Nano-Resveratrol Mitigates Dimethylhydrazine-Induced Colorectal Carcinogenesis in Male Rats: Impact on Oxidative Stress, Antioxidant Defense, and Radiationaugmented Pathways
Keywords:
Low dose radiation, DMH, nano resveratrole, annexin VAbstract
Background: Colorectal cancer remains a major cause of cancer-related mortality worldwide. Antilymphangiogenic strategies, coupled with modulation of oxidative stress and apoptotic pathways, offer potential therapeutic avenues. This study evaluated the anticancer activity of nano-resveratrol against dimethylhydrazine (DMH)-induced colon carcinogenesis in male albino rats. Materials and
Methods: Male albino rats were allocated into five groups: Group 1 normal control receiving saline i.p. for 30 weeks; Group 2 DMH only (20 mg/kg b.w. s.c., weekly for 9 weeks); Group 3 DMH followed by resveratrol three times weekly for 21 weeks); Group 5 DMH + NRSV and exposure to low-dose gamma radiation (0.25 Gy) during the post-DMH period. Endpoints included oxidative stress markers [malondialdehyde (MDA)], reduced glutathione (GSH), total antioxidant capacity (TAC), and ROS; apoptosis was assessed by Annexin V flow cytometry. Histopathological examination of the colon was performed after euthanasia, with evaluation for dysplasia, adenomas, adenocarcinoma, and lymphangiogenesis markers where applicable. Results: DMH administration induced clear colonic
carcinogenesis characterized by mucosal dysplasia progressing to adenocarcinoma in a subset of animals. Histopathology revealed architectural distortion, glandular atypia, increased mitotic figures, and focal invasive patterns in affected groups. Compared with normal controls, DMH-treated groups showed elevated MDA and ROS levels, with suppressed GSH and TAC, indicating oxidative stress.

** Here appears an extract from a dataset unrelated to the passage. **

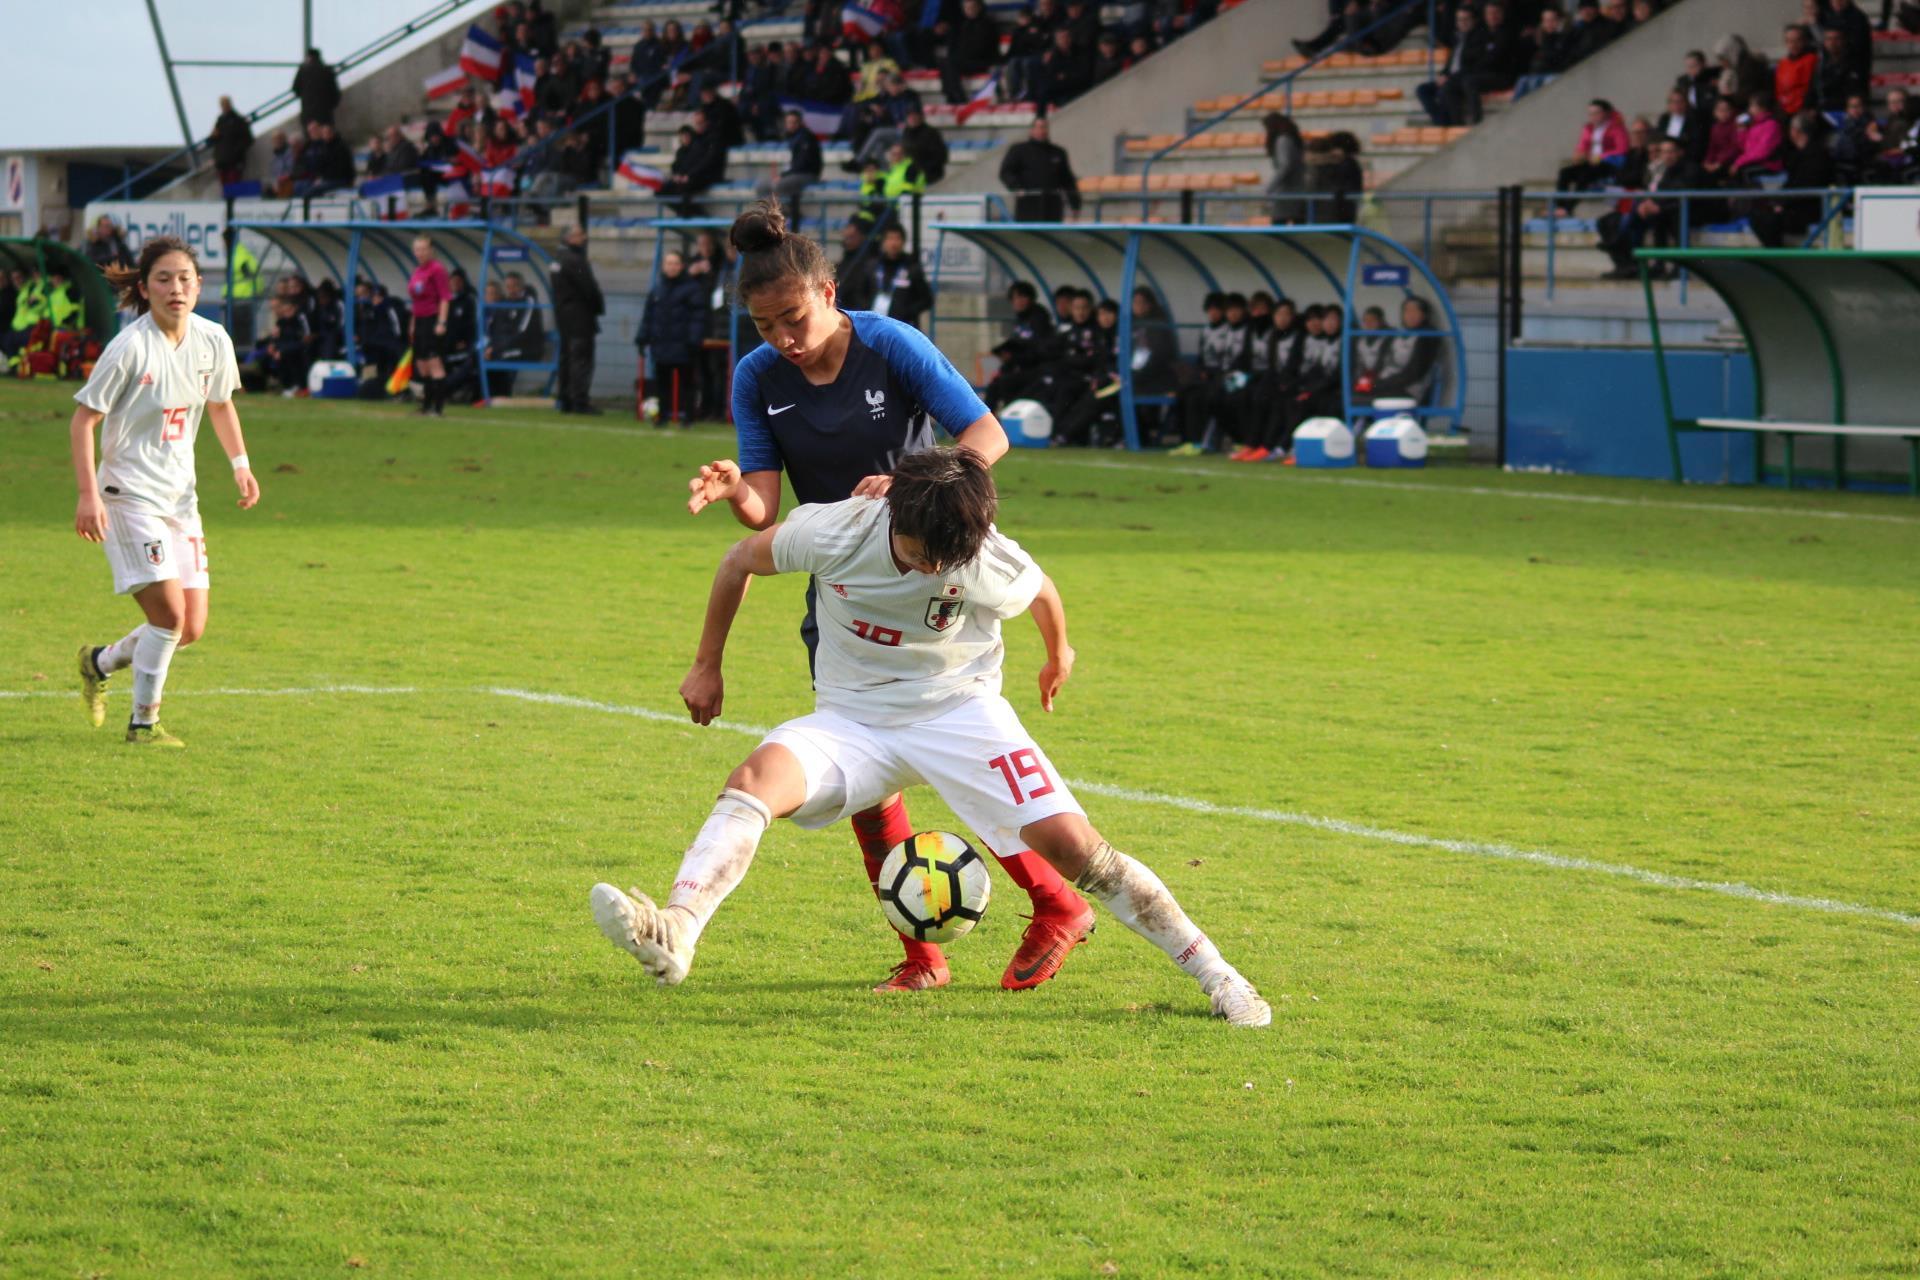 Bacha tente de passer devant Ushijima (photo Ligue de Bretagne)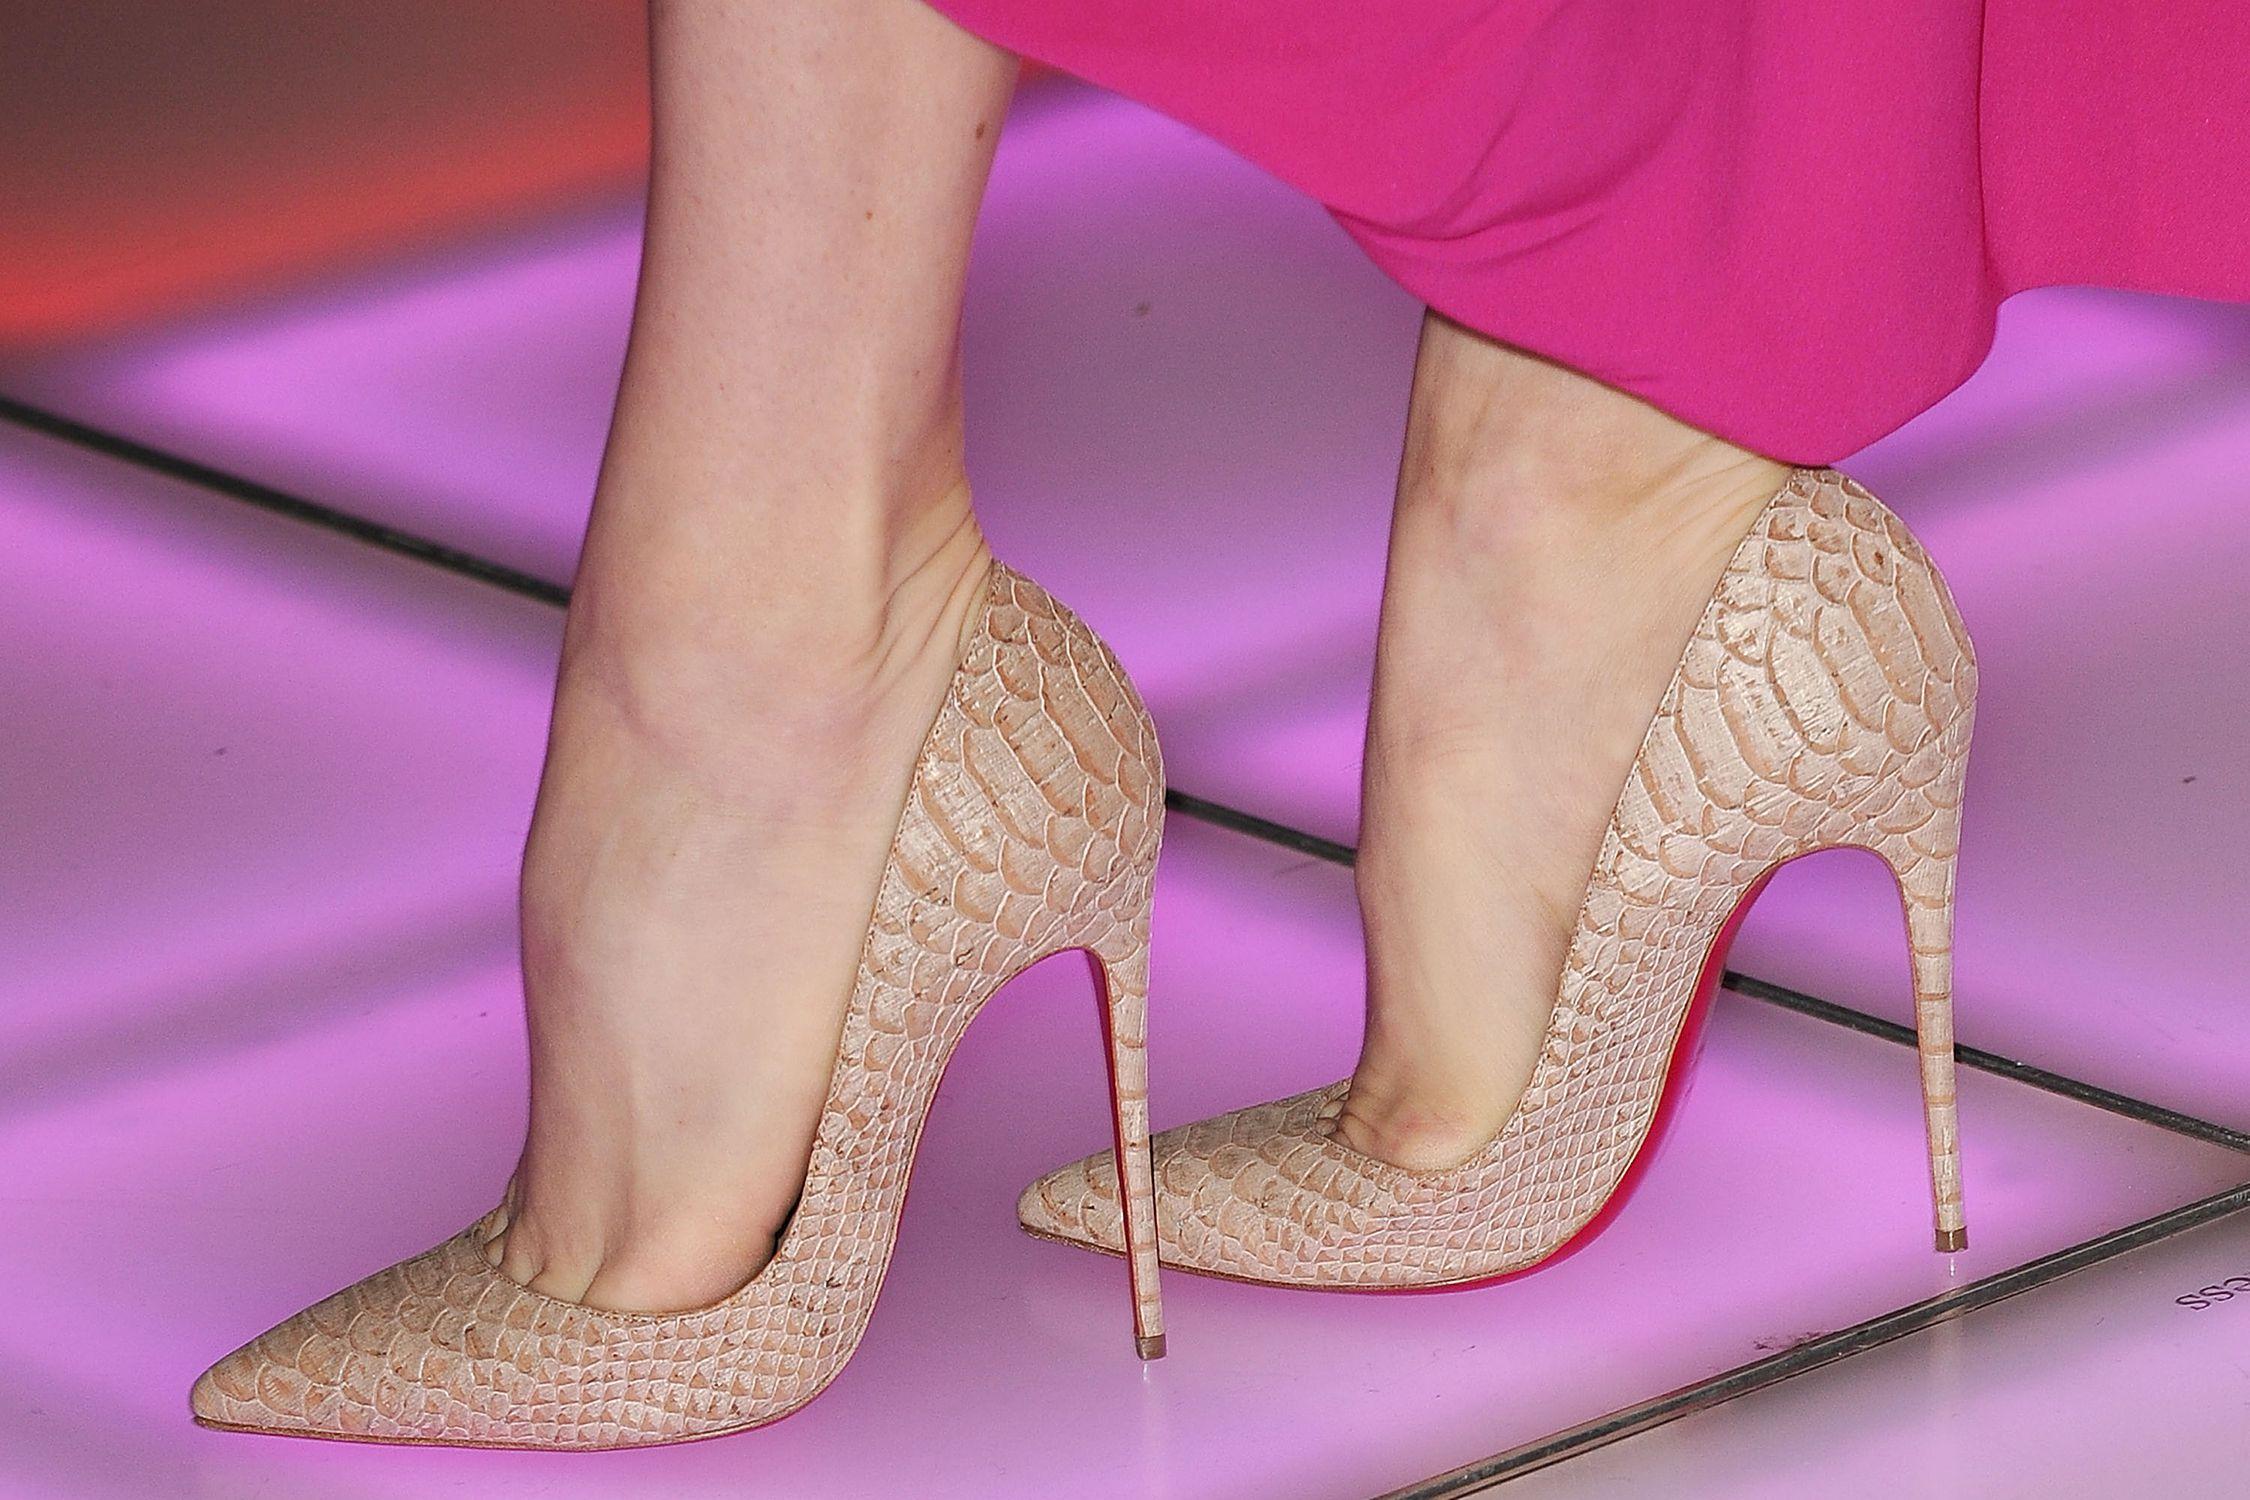 397d977e8bc Colors that Go Best with Neutral Shoes

Annexin V analysis demonstrated increased apoptotic populations in response to DMH, reflecting compensatory cytotoxic responses. NRSV, both alone and in combination with radiation, moderated oxidative stress by reducing MDA and ROS and restoring GSH and TAC toward control levels. Conclusion: Nano-resveratrole demonstrated potent anticarcinogenic activity against DMH-induced colorectal carcinogenesis in male albino rats. The beneficial effect were mediated, at least in part, by attenuation of oxidative stress, restoration of antioxidant defenses, and modulation of apoptotic pathways. When combined with radiation, NRSV showed further improvement in histological and molecular endpoints, suggesting a potential combinatorial approach for colorectal cancer prevention or adjunct therapy.